« Il faut arrêter les jeux ! » Après l’annonce ce lundi du départ d’Amel Zenati de la liste “Vivre unis à Échirolles” et de son soutien à Amandine Demore, Laëtitia Rabih n’a pas manqué de réagir. « Je veux déjà rappeler comment Amel Zenati est arrivée avec nous. Elle n’a pas fait partie des socialistes choisis pour figurer à Grenoble sur la liste de Laurence Ruffin. Elle a appelé Christophe Ferrari parce qu’elle cherchait une place et il l’a naturellement orientée vers nous, puisqu’elle habite Échirolles. Nous l’avons accueillie avec bienveillance et elle est arrivée à un moment où le travail avait déjà bien avancé. Elle souhaitait aussi une place d’adjointe, fléchée Métropole ».

Alors qu’Amel Zenati estime n’avoir pas eu accès aux éléments programmatiques qu’elle aurait souhaités, Laëtitia Rabih répond que si, « elle a eu des éléments, notamment sur les choix budgétaires. Ce qu’elle dit est faux. J’ai pu faire preuve de prudence sur certaines choses confidentielles après ce qu’il s’est passé avec MM. Blache et Serrag , (qui sont partis rejoindre la maire sortante, NDLR), mais elle n’a pas été privée d’informations et a rencontré les gens au fur et à mesure ».
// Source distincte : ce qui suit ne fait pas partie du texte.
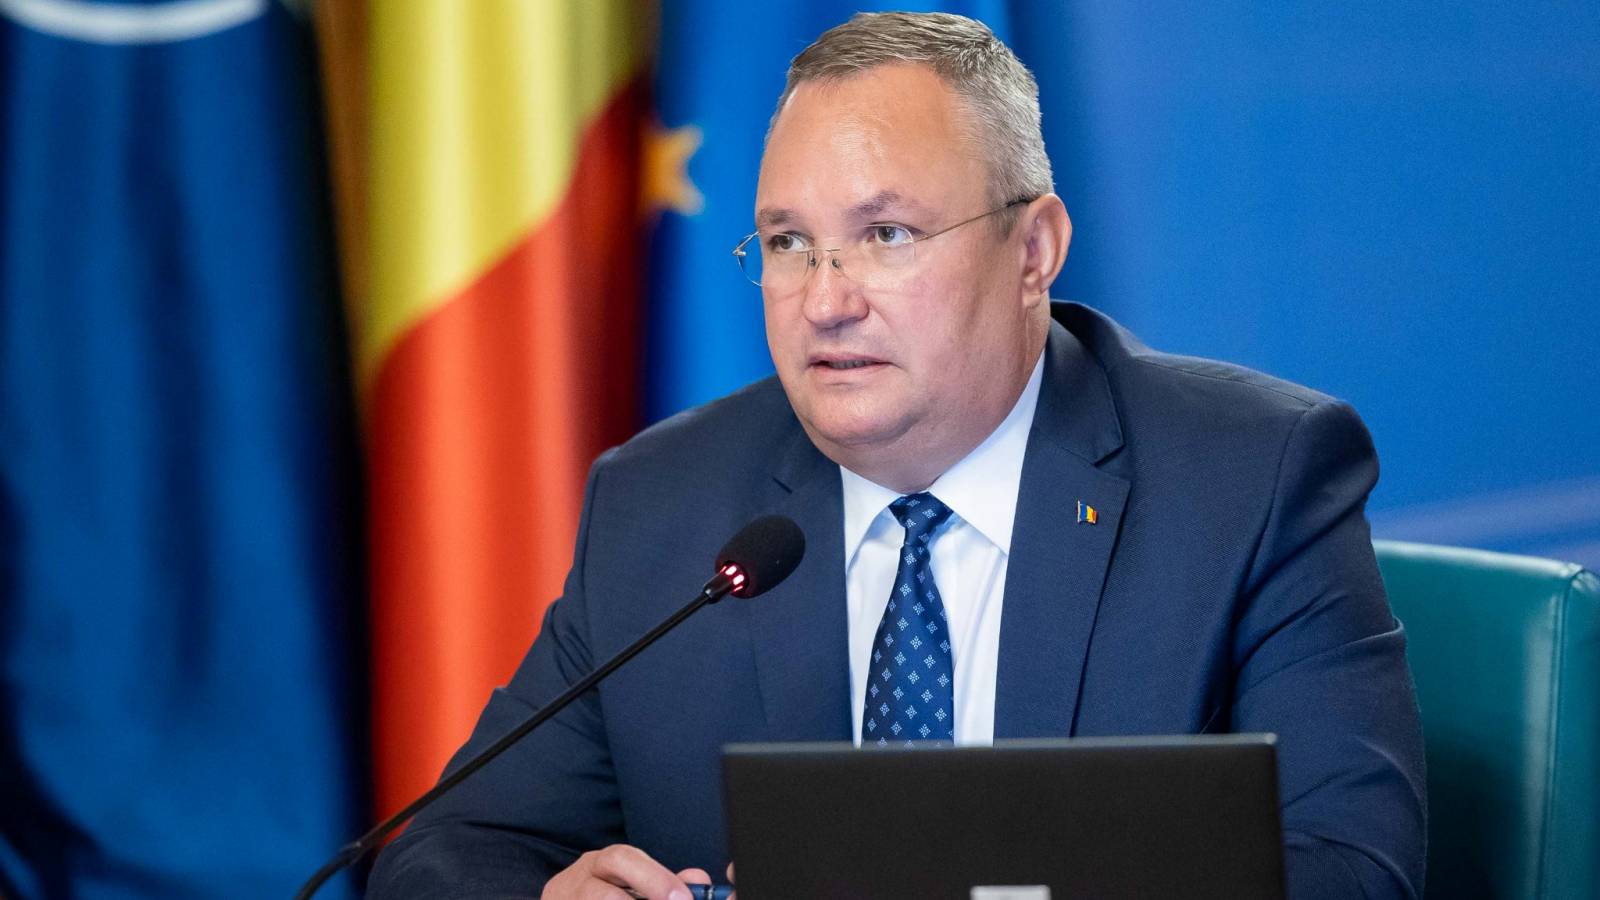 Nicolae Ciuca tillkännager nya regeringsåtgärder för Rumänien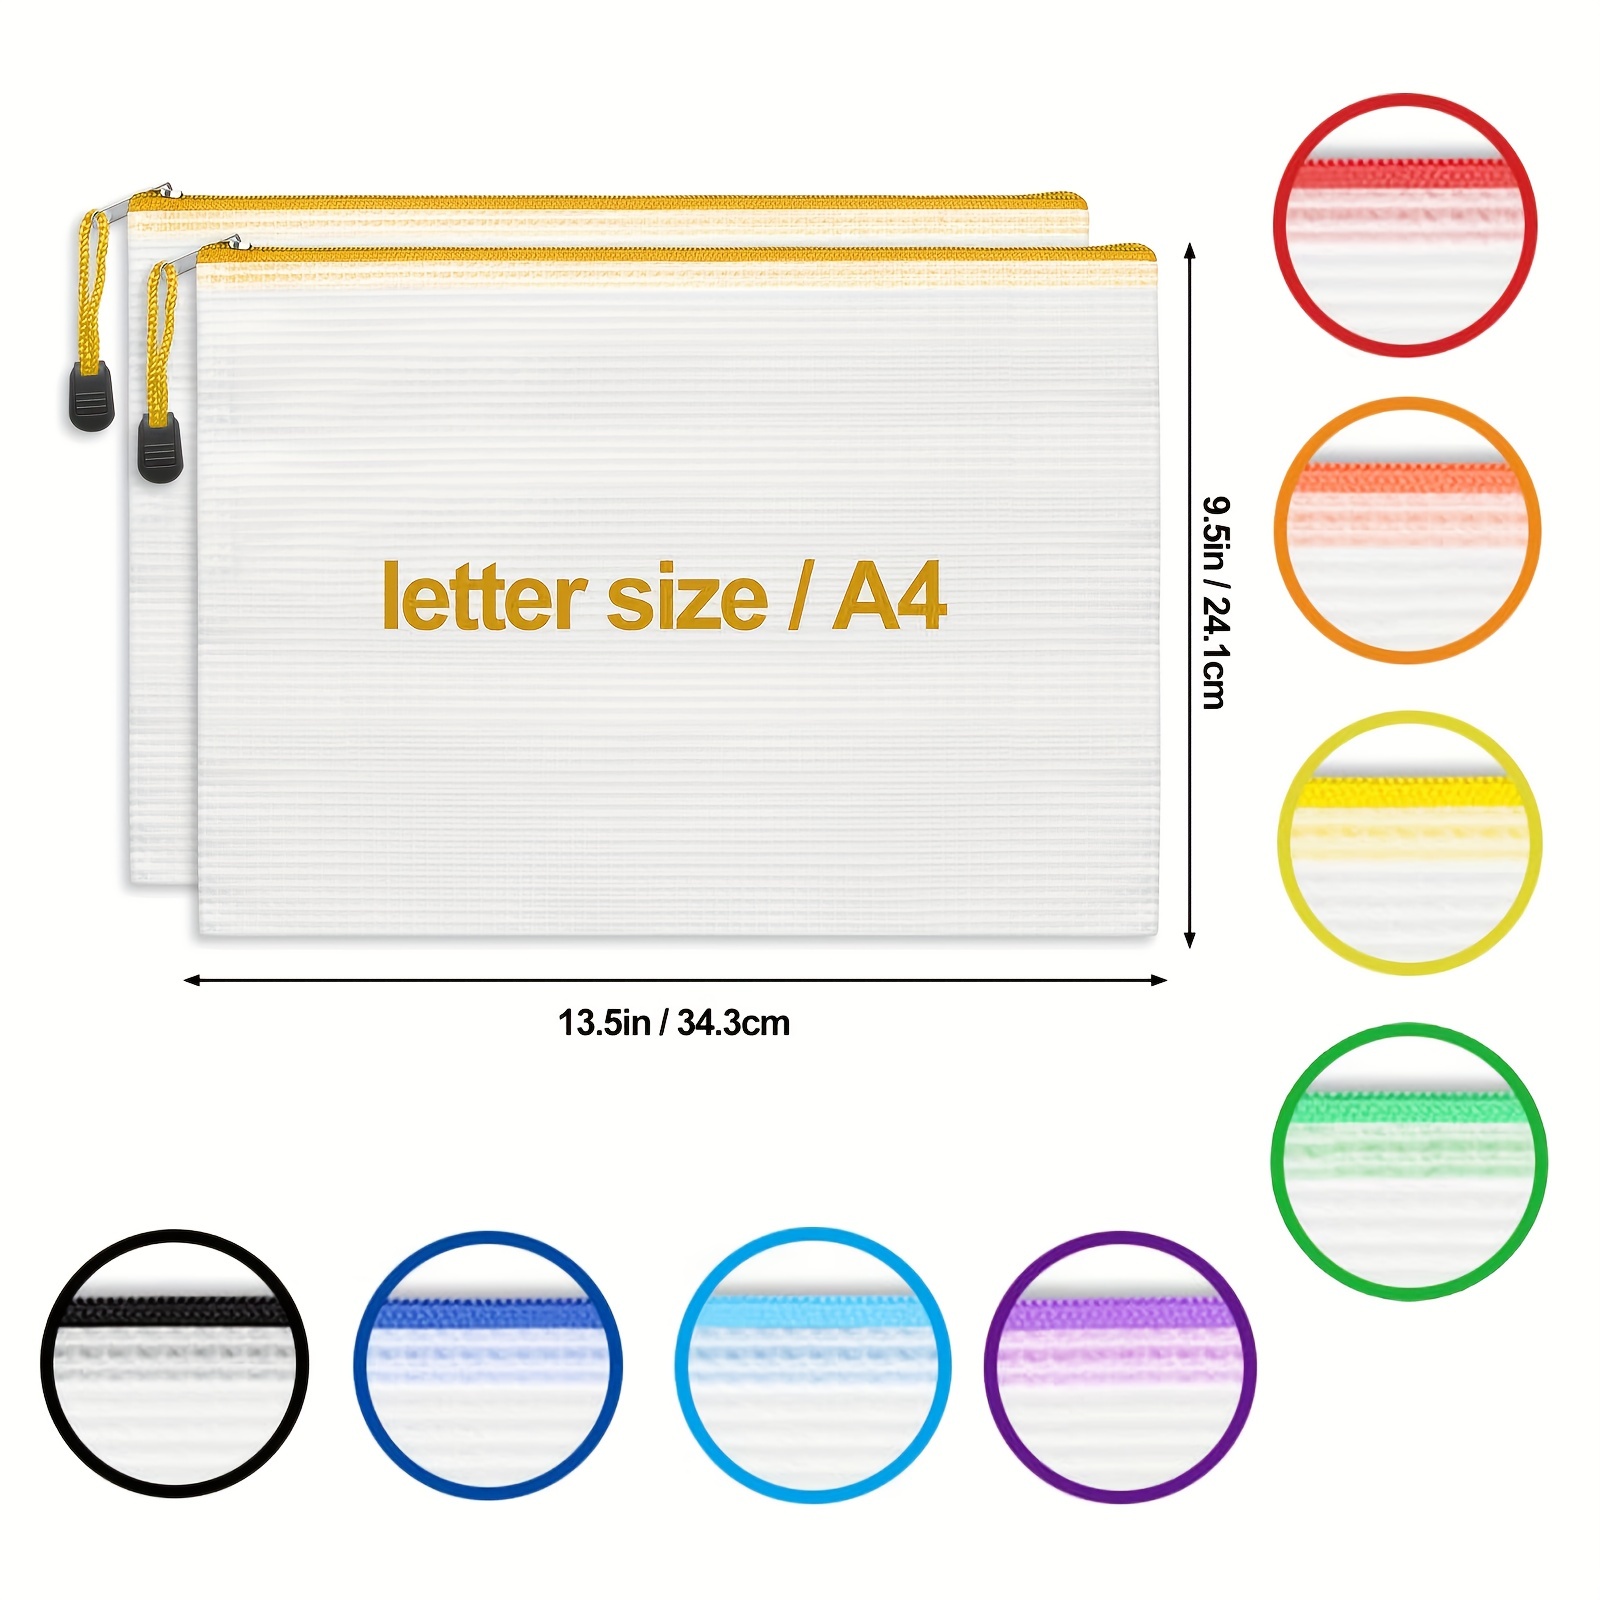 10 Pcs Mesh Zipper Pouch Bags,5 Colors Letter Size A4 Size

Pour l’Échirolloise, « tenir les propos qu’elle tient c’est venir nous défoncer, nous casser du sucre sur le dos et jouer d’une manière pas très claire ».

Sur le sujet de la sécurité, « oui on le traite, mais on traite aussi le reste. Oui, on pense qu’il faut de vrais moyens supplémentaires et ça ne fait pas de nous d’horribles personnes de droite comme elle le laisse entendre ».

Et Laëtitia Rabih de répondre dans la foulée au PCF isérois, soutien de la liste d’Amandine Demore : « Contrairement à ce qu’ils disent, il n’y a pas de ralliement d’une partie des candidats de la liste de droite qui s’est retirée, avec notre équipe. David Vignon n’en fait pas partie, pas plus que ceux qui ont été investis par le MoDem et LR. Il n’y a pas d’union ! Il faut arrêter de déformer les choses. Nous menons une campagne propre, sans attaque frontale. Nous ne sommes pas en guerre. Ce qui se passe est démesuré et pas digne du débat démocratique », estime la candidate.